As the 21st Century began, the Clay Mathematics Institute established seven Millennium Prize Problems [ 11 ]. Each represents one of the toughest challenges in mathematics. The set contains the problem of confinement; and presenting a sound solution will win its discoverer $ 1,000,000. Even with such motivation, today, almost fifty years after the discovery of quarks [12–14], no rigorous solution has been found. Confinement and EHM are inextricably linked. Consequently, as science plans for the next thirty years, solving the problem of EHM has become a grand challenge.
$[\cdots]$
In trying to match QCD with Nature, one confronts the many complexities of strong, nonlinear dynamics in relativistic quantum field theory, e.g. the loss of particle number conservation, the frame and scale dependence of the explanations and interpretations of observable processes, and the evolving character of the relevant degrees-of-freedom. Electroweak theory and phenomena are essentially perturbative; hence, possess little of this complexity. Science has never before encountered an interaction such as that at work in QCD. Understanding this interaction, explaining everything of which it is capable, can potentially change the way we look at the Universe.

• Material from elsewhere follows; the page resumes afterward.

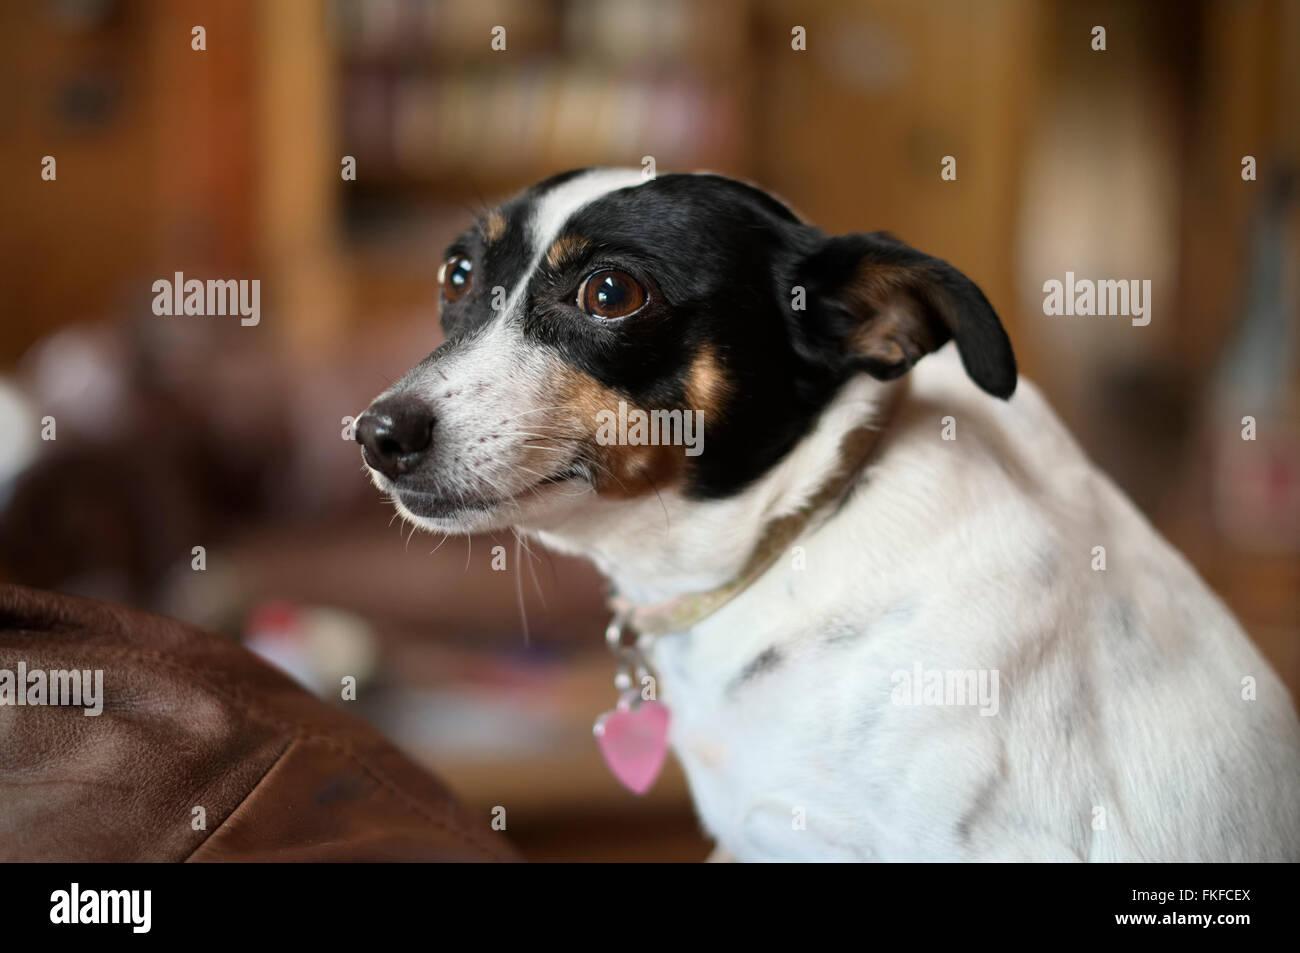 Rat Terrier dog indoors. Portrait style image - Stock Image
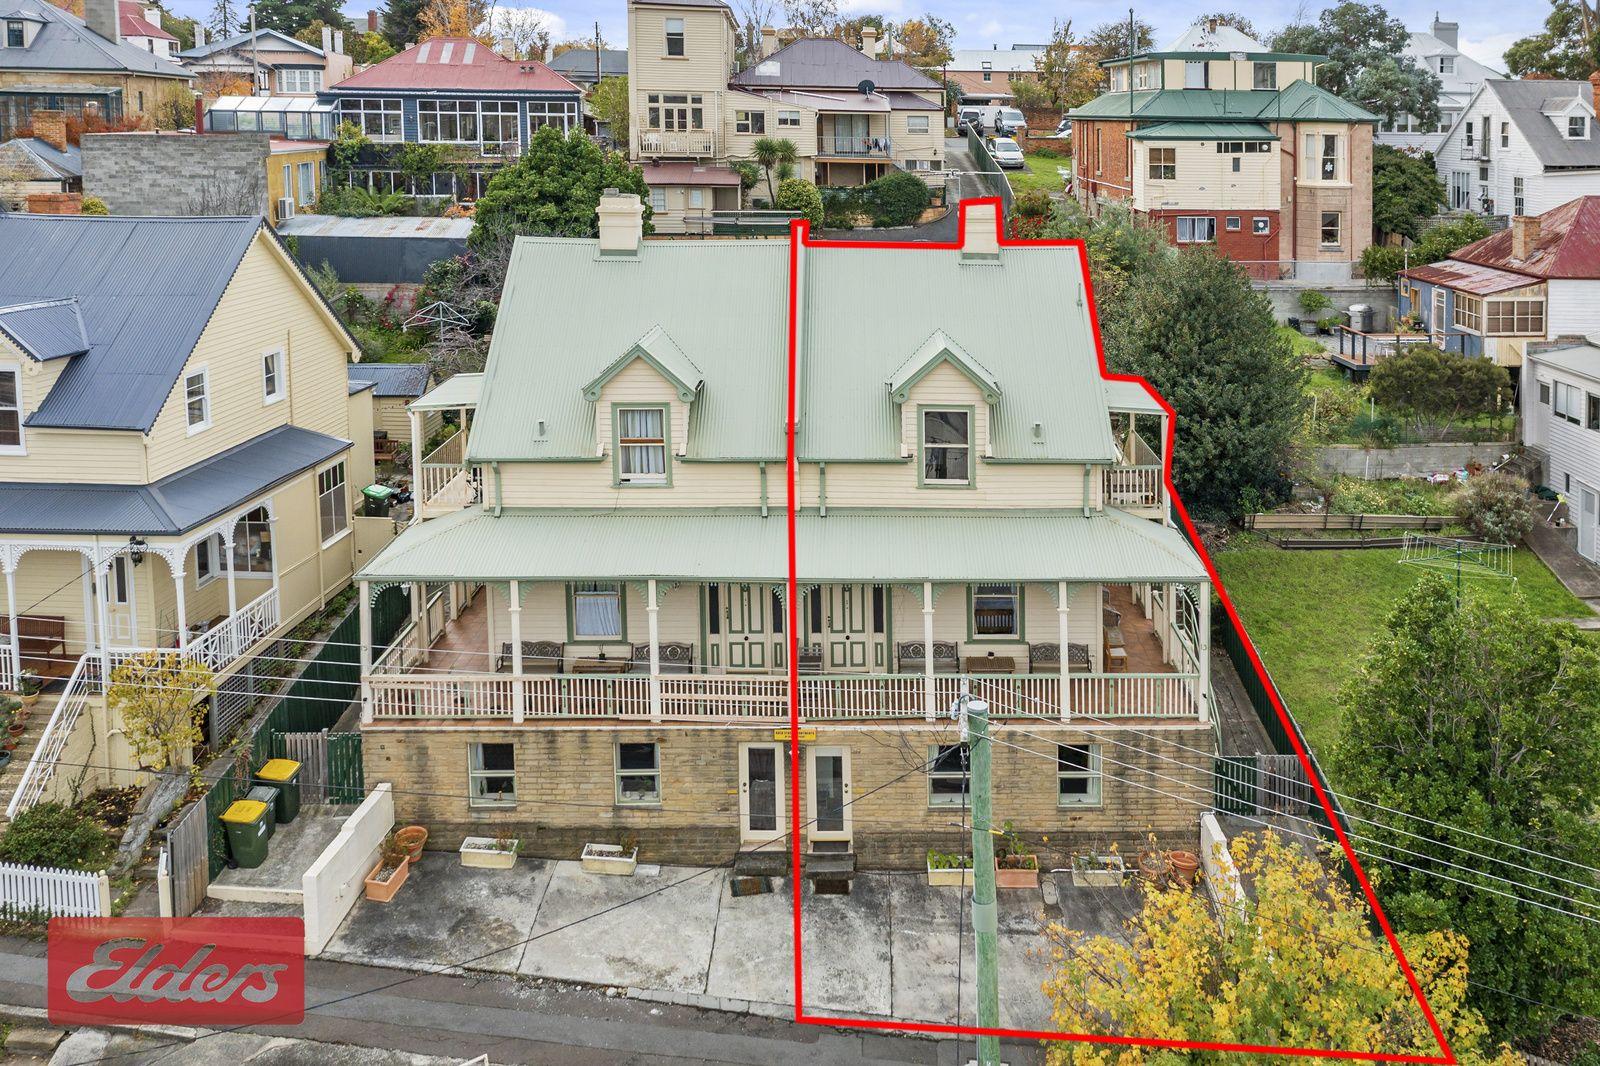 3 bedrooms House in U1, 13 - 15 Bath Street BATTERY POINT TAS, 7004

And a solution to the Millennium Prize problem
may be of limited value (p. 3)
So their strategy is rather
the view that a single renormalisation group invariant (RGI) mass-scale, $m_0$, emerges from strong interactions within the Standard Model and all mass-dimensioned quantities derive their existence and values from $m_0$.
Not sure what they mean here. The mass gap problem asks for a proof of the emergence of the positive mass of the the bound states of Yang-Mills theory. That’s exactly what they highlight as the problem they are looking at.
Probably they saw some comments in the Jaffe/Witten problem description as following a different strategy than what they are after. But the mass gap Millennium Problem does not prescribe the strategy of the proof, it is quite vague on what math to use. Clearly, part of the problem is to find the framework in which it can be mathematically answered.
But I am impressed that they, being pheneomenologists, make this connection to the mathematical mass gap problem at all. It’s the first time since I started writing about it here that I see other authors follow this.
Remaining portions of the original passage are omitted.